There are, of course, several steel models available, but for the first time TAG Heuer is also offering a bronze case as an option. The steel watches have a steel case back, while the two bronze watches offer a titanium case back (a bronze case back would likely react to the moisture in your skin and create a green copper chloride residue on the watch and on your wrist). Both case backs feature the new Autavia logo, which combines a propeller and a tyre, again making the point about the watch straddling both the automotive and aviation worlds.
The face of the watch features a raised inner flange with a railway track minute scale, stepping down to the dial. And the dial itself is also something new: a textured dial with a “smoked” or dégradé finish, meaning that the colour is lighter at the centre of the dial, becoming darker towards the outer edges- think of the 1970s Heuer Silverstone fume and you have a good idea of the effect. Atop the dial sits a domed sapphire crystal with with double anti-reflective treatment.
For the first time in almost two decades (on an automatic watch) there is no Calibre name noted on the dial, with Isograph instead taking prime position below the orange/ yellow Autavia script. And yes, the watch appropriately carries the TAG Heuer logo on the dial rather than the Heuer logo of the heritage-themed Chronographs.
The hands are an all-new design and very much from the Pilot watch playbook, as are the applied rhodium-plated numerals which are teamed with small applied hour markers that bridge between the dial and the inner flange.
Each model has a bi-directional 60-minute bezel, with either a brushed steel or a coloured ceramic insert. The bezel seem thinner than the one used on the Chronographs and combined with the slimmer case, helps to give the impression of a smaller, less bulky watch, despite the case diameters being the same.

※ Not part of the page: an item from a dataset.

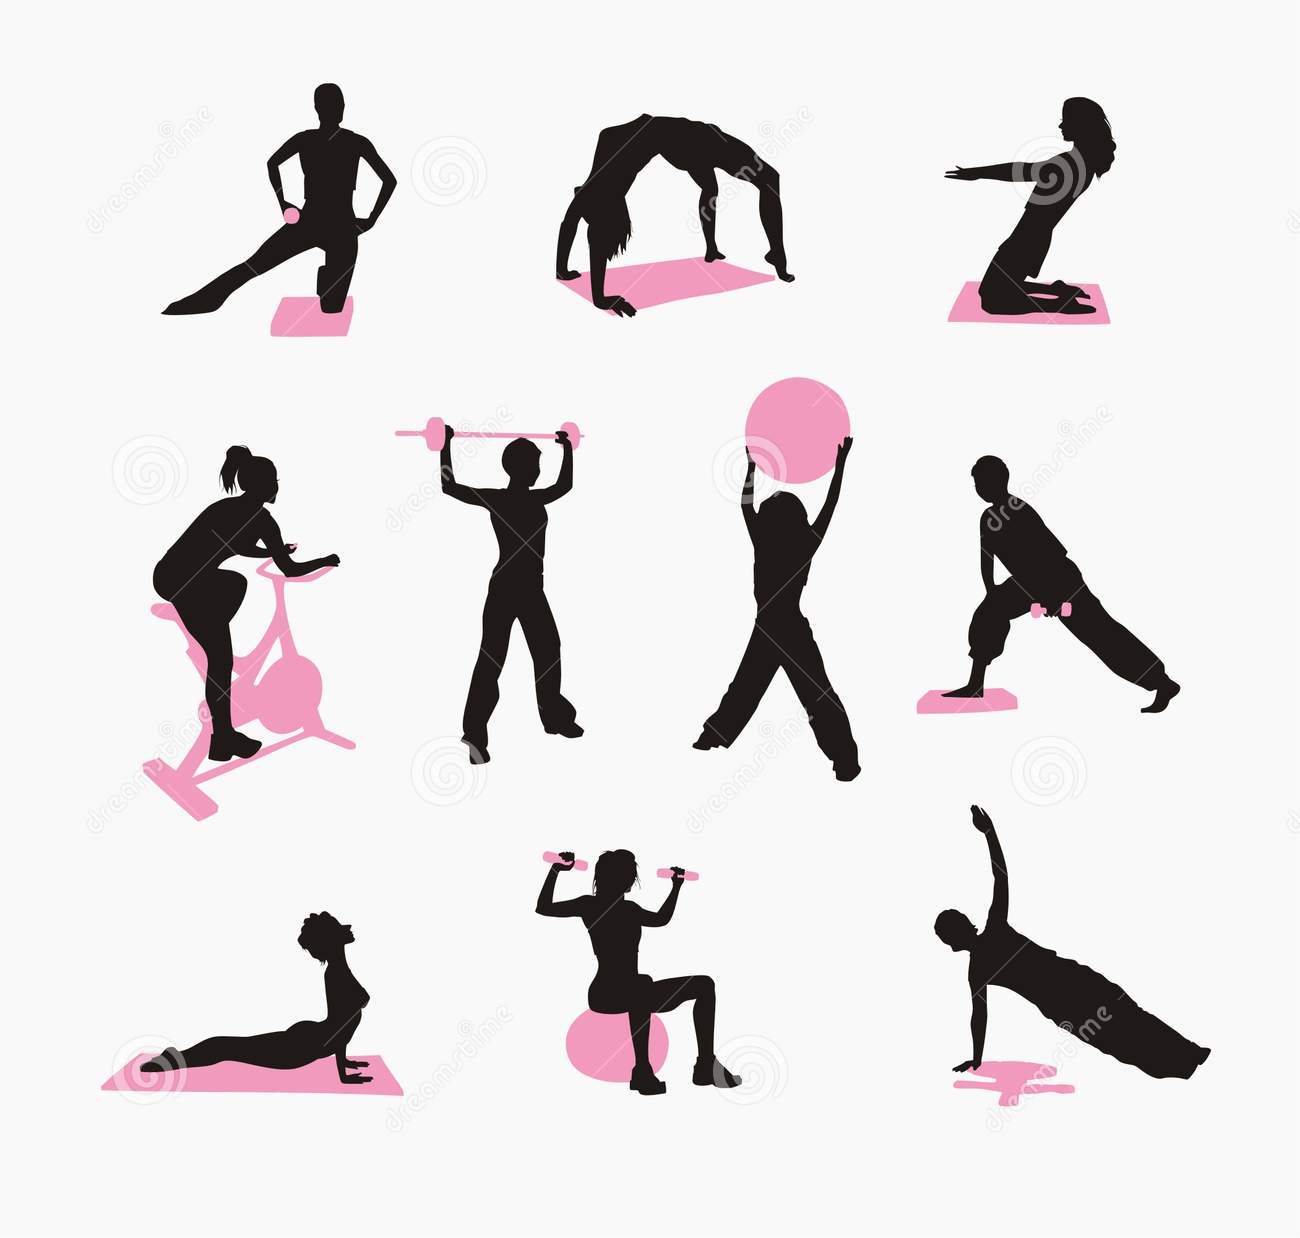 Free Exercising Cliparts, Download Free Clip Art, Free Clip

Overall, the watch is a major departure from what we have seen in the past, and frankly a far more interesting design than a “Chronograph with the sub-dials removed” look we saw last year. The move to reposition the Autavia opens up a lot more room for future models, with the chronograph perhaps staying true to the heritage design, while the 3-hand watch version becoming more a true Pilots watch, with perhaps the potential for something like a re-imagination of the Heuer Bundeswehr.
In keeping with TAG Heuer’s modular strategy, there are a number of strap and bracelet options for the new Autavia:
- FC8266: Dark Brown leather strap (pin buckle)

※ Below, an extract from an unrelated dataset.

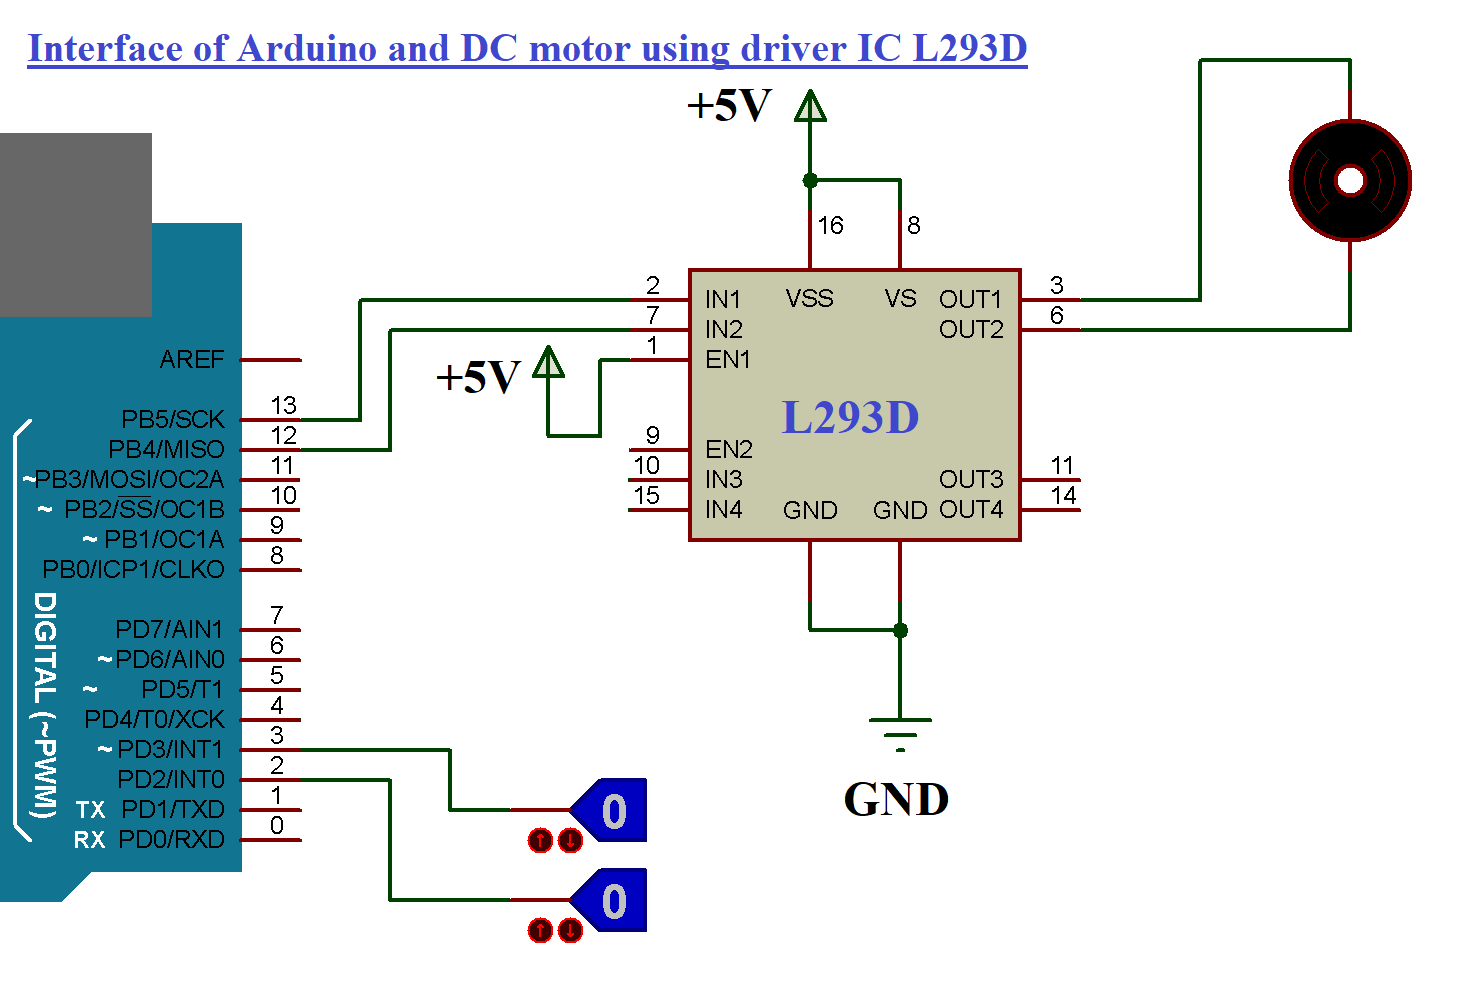 INTERFACE OF ARDUINO AND DC MOTOR USING DRIVER IC L293D

- FC8267: Light Brown leather strap (pin buckle)
- FC8268: Khaki leather strap (pin buckle)
- TBD: Blue leather strap (pin buckle)
- EB0173: Steel bracelet
If you choose a stainless steel bracelet, then you also recieve a NATO strap at no additional cost (blue trimming with the blue dial; yellow/ orange trimming for other models). And because all straps can be purchased separately, you can mix and match the style. Interestingly, TAG Heuer says that no strap-changing tools are needed and you use “simple push buttons on the underside of the case”, something we’re keen to see in action.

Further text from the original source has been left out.